DATA EXCERPT: Begin

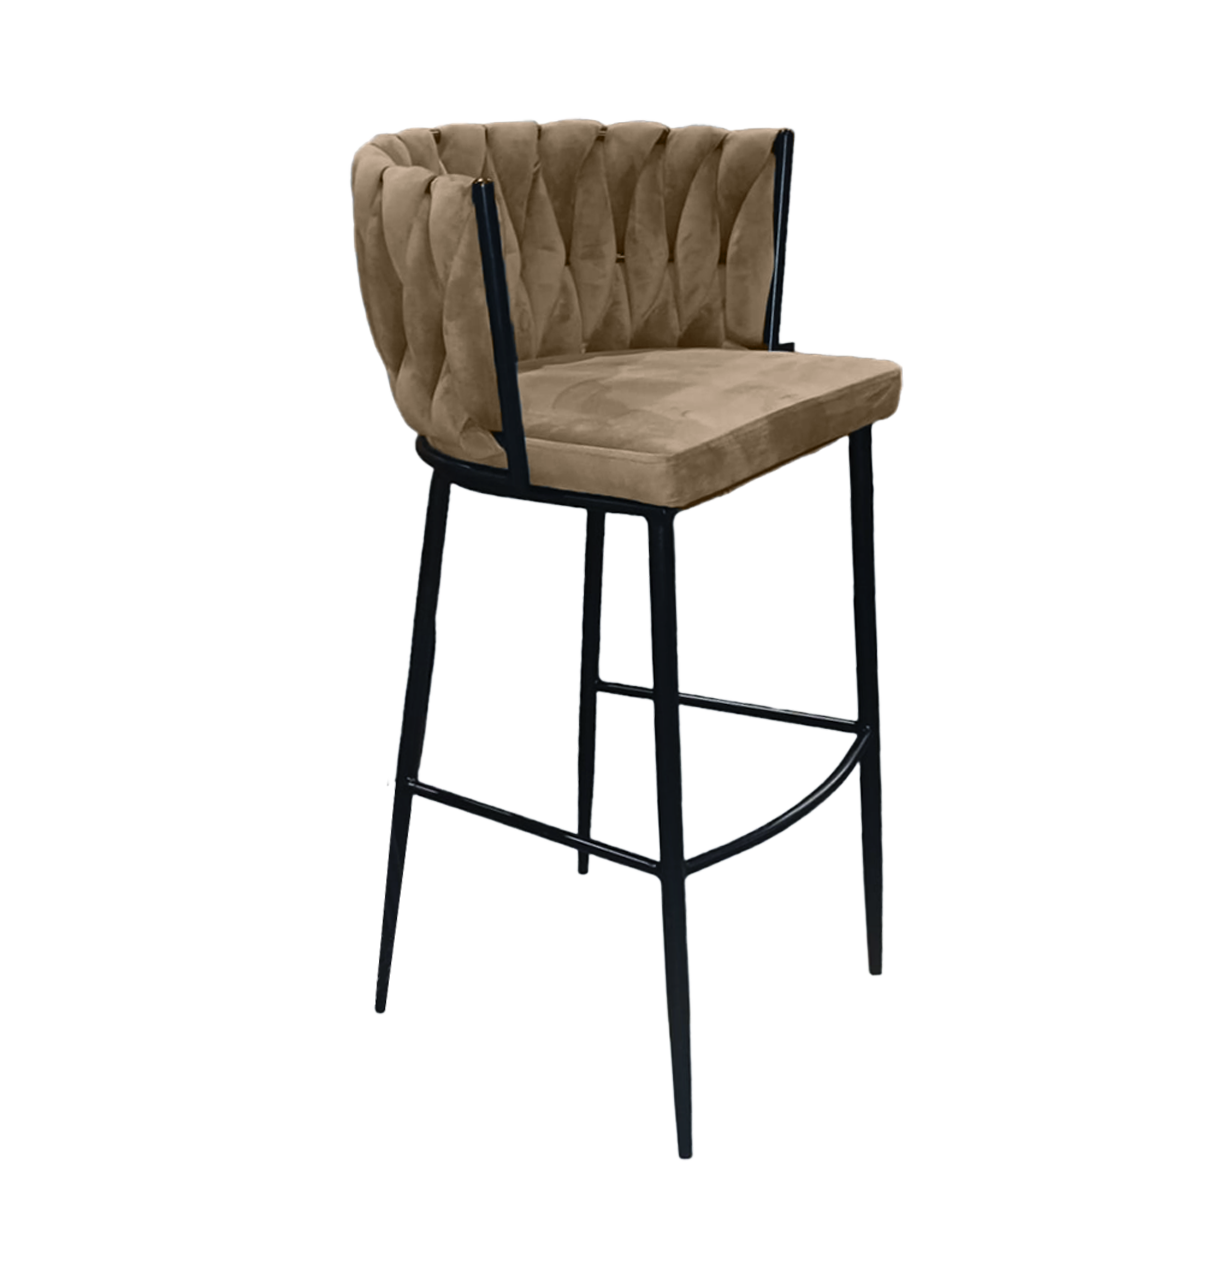 Cosmopolitan Bar Chair - Beige
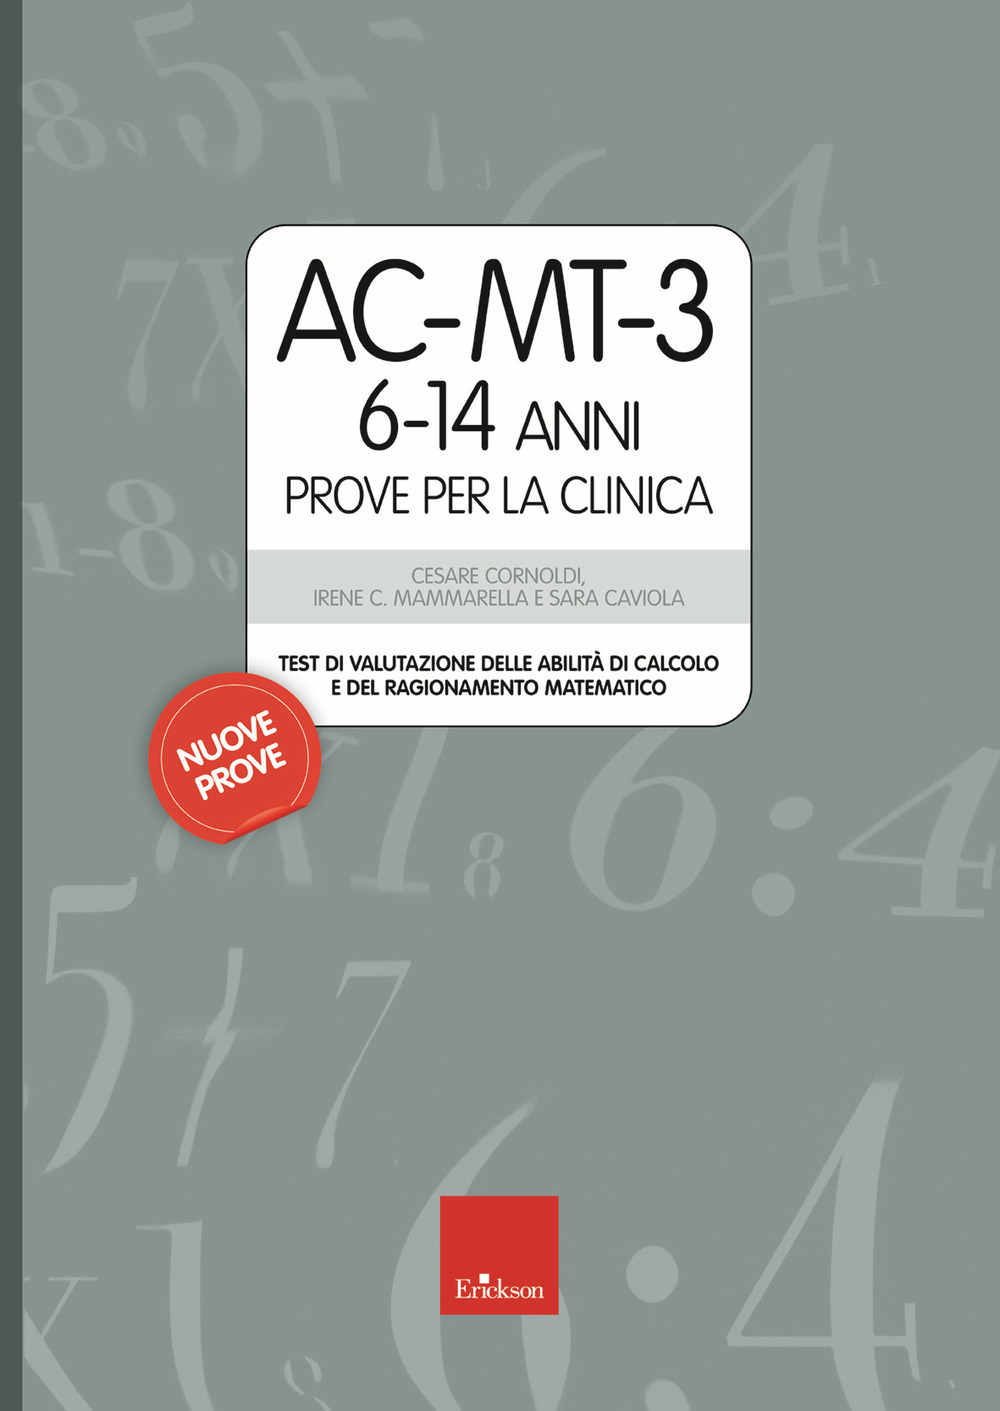 AC-MT-3 6-14 anni. Prove per la clinica
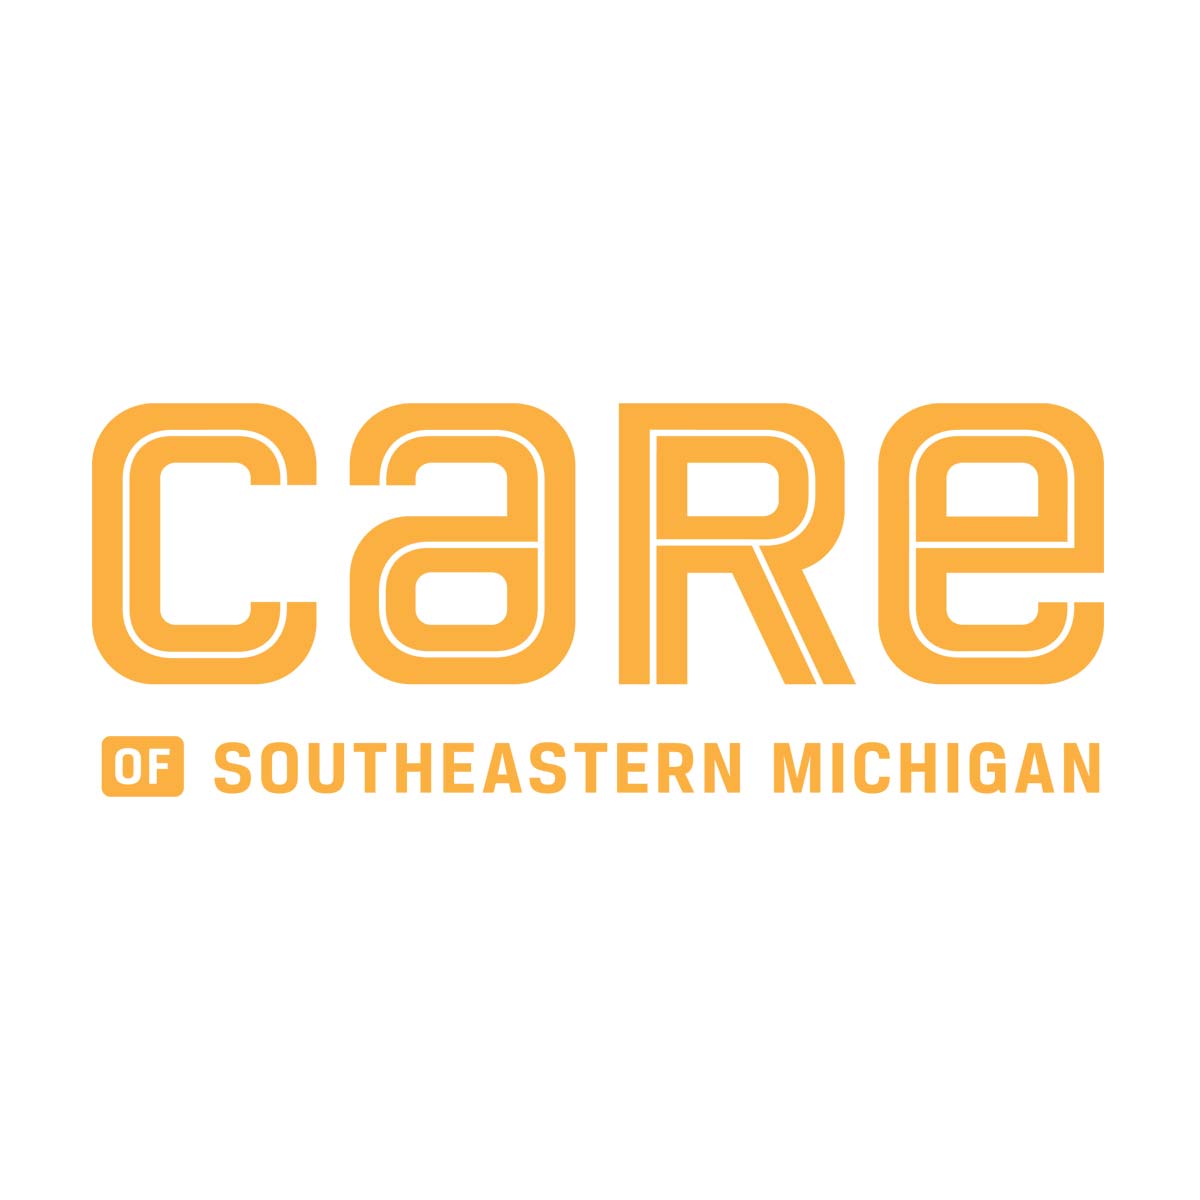 Care of Southeastern Michigan square logo
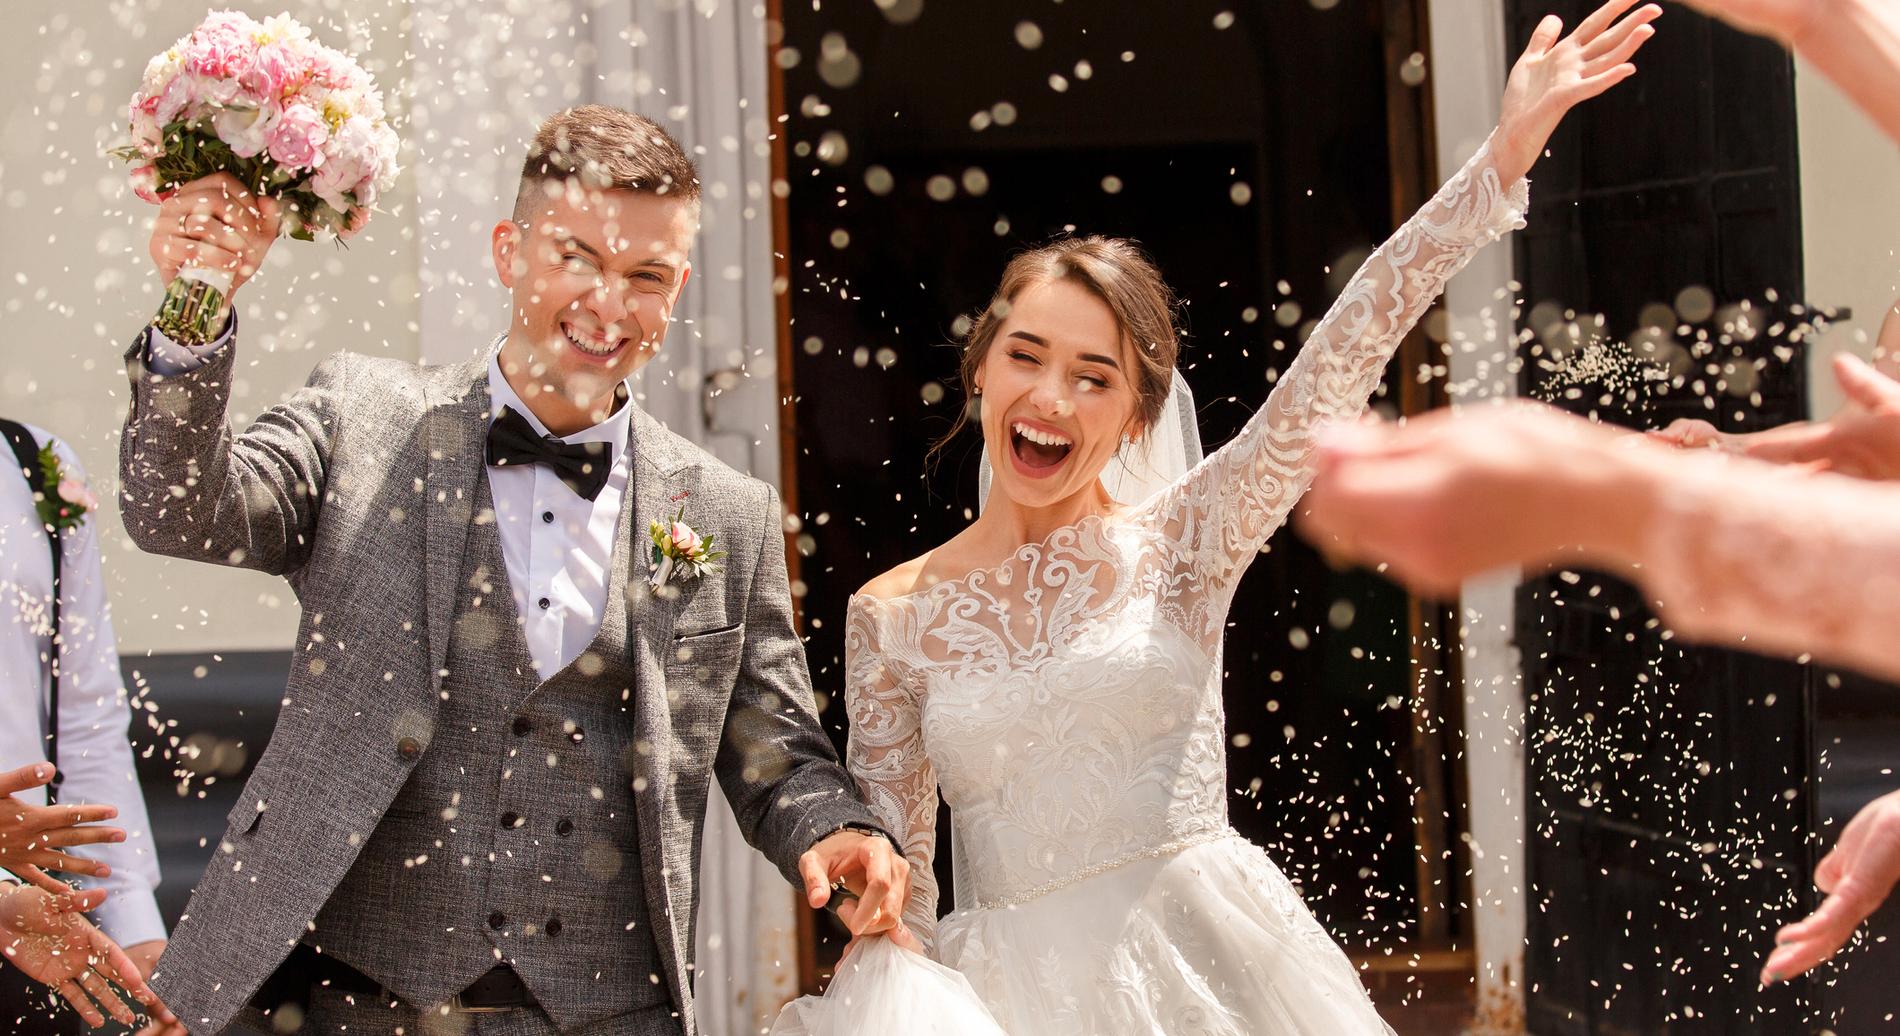 Nej, bröllop är inte i första hand en partytillställning, enligt Edward Blom.

DATA EXCERPT: End

* [EXERCISE GOAL] Drop the pictures and copy the data exactly.

* [TASK SOLUTION]
 Cosmopolitan Bar Chair - Beige
 AC-MT-3 6-14 anni. Prove per la clinica
 Care of Southeastern Michigan square logo
 Nej, bröllop är inte i första hand en partytillställning, enligt Edward Blom.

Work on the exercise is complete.